▼▼▼

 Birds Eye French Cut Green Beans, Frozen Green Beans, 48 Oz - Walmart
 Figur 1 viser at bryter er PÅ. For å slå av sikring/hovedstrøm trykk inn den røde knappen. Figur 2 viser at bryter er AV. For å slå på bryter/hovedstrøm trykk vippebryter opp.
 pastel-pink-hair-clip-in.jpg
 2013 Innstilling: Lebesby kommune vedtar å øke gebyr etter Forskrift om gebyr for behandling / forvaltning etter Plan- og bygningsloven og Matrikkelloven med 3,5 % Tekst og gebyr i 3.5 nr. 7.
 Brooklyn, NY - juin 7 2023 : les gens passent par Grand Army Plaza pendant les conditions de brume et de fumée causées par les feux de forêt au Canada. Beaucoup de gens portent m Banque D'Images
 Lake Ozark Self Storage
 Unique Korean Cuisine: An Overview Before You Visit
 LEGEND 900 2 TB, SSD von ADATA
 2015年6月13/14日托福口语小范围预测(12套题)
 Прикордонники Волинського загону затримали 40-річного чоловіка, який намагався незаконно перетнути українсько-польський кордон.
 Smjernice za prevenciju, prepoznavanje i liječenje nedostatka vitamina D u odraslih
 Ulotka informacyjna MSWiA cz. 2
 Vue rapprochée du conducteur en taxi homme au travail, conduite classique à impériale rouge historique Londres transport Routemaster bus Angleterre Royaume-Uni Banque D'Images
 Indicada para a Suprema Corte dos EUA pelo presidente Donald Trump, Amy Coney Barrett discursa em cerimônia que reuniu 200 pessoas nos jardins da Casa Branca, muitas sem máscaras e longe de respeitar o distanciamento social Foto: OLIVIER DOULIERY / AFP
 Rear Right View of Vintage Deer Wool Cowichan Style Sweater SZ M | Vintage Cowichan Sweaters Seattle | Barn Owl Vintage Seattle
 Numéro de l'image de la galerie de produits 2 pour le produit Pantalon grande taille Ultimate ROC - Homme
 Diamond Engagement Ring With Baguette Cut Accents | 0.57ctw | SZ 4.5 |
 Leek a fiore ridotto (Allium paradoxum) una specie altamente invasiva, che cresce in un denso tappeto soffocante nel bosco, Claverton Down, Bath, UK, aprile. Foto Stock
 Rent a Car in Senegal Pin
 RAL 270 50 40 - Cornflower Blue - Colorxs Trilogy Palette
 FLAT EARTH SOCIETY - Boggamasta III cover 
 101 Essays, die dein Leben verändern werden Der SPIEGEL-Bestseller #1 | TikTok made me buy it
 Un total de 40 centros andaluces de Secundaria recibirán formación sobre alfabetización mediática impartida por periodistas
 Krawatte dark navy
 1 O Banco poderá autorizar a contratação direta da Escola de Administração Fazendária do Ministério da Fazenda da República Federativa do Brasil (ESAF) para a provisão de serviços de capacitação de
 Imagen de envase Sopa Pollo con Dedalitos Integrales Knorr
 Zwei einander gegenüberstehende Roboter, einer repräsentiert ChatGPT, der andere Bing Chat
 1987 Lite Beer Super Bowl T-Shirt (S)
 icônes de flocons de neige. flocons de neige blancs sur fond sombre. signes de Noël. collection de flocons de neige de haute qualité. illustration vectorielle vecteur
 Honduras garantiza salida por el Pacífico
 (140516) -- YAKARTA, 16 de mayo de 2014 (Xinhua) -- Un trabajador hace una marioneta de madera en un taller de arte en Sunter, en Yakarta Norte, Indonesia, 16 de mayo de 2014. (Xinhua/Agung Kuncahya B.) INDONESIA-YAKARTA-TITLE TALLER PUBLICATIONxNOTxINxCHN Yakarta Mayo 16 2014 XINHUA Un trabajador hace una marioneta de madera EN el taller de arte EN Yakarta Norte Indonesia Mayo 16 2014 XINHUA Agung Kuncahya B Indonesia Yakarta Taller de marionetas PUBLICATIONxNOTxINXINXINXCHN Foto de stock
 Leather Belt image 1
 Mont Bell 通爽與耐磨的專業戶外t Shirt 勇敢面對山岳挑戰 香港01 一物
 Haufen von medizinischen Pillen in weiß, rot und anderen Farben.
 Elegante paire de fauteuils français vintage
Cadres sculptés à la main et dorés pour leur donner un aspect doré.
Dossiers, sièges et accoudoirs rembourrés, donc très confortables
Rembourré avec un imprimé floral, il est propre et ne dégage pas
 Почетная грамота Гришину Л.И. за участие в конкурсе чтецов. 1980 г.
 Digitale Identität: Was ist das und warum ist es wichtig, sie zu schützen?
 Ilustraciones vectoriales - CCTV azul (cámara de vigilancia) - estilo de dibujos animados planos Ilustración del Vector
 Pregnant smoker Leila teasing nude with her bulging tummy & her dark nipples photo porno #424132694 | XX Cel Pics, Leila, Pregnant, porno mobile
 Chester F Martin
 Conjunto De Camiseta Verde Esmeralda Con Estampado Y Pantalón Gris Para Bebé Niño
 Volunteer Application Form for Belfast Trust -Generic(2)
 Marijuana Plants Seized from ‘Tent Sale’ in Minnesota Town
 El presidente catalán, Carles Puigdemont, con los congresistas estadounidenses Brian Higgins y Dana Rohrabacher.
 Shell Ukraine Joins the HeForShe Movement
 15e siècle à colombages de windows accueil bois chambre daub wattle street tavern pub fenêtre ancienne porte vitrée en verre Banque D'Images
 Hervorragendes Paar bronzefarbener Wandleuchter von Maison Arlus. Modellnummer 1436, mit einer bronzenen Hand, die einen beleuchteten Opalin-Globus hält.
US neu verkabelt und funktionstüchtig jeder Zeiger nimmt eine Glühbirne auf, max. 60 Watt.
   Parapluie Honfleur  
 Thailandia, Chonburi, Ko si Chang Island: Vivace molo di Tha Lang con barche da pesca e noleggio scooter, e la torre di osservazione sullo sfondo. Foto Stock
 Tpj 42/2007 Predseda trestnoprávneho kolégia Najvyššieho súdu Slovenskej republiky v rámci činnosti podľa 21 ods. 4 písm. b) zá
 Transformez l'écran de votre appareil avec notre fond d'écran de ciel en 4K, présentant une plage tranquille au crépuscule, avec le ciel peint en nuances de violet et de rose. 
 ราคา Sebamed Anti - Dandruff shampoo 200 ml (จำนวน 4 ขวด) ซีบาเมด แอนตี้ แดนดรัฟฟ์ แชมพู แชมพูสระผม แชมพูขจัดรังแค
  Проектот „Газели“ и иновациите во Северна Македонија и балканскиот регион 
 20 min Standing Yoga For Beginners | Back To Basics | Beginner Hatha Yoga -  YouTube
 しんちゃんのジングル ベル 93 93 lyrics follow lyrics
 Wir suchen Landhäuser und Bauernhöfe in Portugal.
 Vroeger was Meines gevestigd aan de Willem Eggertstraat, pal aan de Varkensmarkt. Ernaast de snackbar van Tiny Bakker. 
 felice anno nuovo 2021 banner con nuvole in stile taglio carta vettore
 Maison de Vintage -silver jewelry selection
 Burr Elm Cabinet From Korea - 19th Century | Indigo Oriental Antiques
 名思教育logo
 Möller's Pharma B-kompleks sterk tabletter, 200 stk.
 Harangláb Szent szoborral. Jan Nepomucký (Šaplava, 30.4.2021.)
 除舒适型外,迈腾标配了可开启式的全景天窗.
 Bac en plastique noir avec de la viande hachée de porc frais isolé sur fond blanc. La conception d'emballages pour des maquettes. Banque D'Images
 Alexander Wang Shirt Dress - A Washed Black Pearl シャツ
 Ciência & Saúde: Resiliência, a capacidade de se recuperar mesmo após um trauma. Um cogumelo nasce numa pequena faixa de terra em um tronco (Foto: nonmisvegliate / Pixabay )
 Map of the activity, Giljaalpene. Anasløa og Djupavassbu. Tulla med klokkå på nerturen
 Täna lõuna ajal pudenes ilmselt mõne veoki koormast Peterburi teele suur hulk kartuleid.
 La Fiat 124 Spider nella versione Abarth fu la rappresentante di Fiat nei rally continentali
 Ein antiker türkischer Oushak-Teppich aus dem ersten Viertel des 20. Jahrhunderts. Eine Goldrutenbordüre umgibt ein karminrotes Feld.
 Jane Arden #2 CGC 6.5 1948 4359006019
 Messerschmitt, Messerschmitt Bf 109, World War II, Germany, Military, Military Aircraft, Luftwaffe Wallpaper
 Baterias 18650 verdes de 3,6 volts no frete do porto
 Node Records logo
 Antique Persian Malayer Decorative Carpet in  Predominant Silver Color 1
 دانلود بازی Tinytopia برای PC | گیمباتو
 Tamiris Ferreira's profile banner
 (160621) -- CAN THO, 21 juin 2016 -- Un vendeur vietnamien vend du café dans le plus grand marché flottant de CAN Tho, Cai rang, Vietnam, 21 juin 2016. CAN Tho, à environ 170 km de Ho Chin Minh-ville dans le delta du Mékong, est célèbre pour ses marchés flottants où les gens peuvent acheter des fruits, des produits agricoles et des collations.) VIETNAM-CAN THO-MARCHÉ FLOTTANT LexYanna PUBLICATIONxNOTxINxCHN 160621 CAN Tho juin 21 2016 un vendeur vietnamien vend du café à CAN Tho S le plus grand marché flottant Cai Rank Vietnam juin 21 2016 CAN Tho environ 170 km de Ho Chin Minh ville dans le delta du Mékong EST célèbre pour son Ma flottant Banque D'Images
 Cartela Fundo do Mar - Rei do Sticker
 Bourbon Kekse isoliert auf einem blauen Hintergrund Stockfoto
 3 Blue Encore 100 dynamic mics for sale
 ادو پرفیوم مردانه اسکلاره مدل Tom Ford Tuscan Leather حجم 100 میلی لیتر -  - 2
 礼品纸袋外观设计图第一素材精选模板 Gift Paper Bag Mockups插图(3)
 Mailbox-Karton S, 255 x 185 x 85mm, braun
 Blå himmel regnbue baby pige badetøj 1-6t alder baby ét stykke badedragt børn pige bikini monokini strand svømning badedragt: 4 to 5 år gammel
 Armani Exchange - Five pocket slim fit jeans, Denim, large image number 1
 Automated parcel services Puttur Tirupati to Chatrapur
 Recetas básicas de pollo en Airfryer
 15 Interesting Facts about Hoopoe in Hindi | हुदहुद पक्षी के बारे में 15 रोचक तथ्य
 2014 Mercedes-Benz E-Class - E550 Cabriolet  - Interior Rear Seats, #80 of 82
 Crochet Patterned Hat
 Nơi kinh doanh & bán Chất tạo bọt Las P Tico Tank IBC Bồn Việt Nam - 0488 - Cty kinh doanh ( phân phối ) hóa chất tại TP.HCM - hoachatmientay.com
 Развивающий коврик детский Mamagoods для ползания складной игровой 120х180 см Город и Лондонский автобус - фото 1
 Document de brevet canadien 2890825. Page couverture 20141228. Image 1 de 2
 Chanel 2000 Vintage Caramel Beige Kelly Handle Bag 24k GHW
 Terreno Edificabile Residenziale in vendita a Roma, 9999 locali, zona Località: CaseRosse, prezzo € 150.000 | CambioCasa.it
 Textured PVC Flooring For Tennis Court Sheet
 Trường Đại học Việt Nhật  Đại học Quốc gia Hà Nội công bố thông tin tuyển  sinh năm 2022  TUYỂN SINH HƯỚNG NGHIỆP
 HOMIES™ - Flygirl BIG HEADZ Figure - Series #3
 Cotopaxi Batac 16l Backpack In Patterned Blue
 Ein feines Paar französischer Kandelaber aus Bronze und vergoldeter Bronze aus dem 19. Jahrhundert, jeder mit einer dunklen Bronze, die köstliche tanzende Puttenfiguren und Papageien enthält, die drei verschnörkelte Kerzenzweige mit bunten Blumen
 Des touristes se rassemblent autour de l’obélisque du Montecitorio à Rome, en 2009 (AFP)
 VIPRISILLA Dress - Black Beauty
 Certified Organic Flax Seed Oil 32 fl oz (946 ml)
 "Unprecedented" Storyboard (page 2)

▲▲▲

▸ Task to carry out
Begin with the top line of the material and go as far as the line with "Vue rapprochée du". Set down those lines exactly, both ends included, and nothing more.

▸ Finished exercise
 Birds Eye French Cut Green Beans, Frozen Green Beans, 48 Oz - Walmart
 Figur 1 viser at bryter er PÅ. For å slå av sikring/hovedstrøm trykk inn den røde knappen. Figur 2 viser at bryter er AV. For å slå på bryter/hovedstrøm trykk vippebryter opp.
 pastel-pink-hair-clip-in.jpg
 2013 Innstilling: Lebesby kommune vedtar å øke gebyr etter Forskrift om gebyr for behandling / forvaltning etter Plan- og bygningsloven og Matrikkelloven med 3,5 % Tekst og gebyr i 3.5 nr. 7.
 Brooklyn, NY - juin 7 2023 : les gens passent par Grand Army Plaza pendant les conditions de brume et de fumée causées par les feux de forêt au Canada. Beaucoup de gens portent m Banque D'Images
 Lake Ozark Self Storage
 Unique Korean Cuisine: An Overview Before You Visit
 LEGEND 900 2 TB, SSD von ADATA
 2015年6月13/14日托福口语小范围预测(12套题)
 Прикордонники Волинського загону затримали 40-річного чоловіка, який намагався незаконно перетнути українсько-польський кордон.
 Smjernice za prevenciju, prepoznavanje i liječenje nedostatka vitamina D u odraslih
 Ulotka informacyjna MSWiA cz. 2
 Vue rapprochée du conducteur en taxi homme au travail, conduite classique à impériale rouge historique Londres transport Routemaster bus Angleterre Royaume-Uni Banque D'Images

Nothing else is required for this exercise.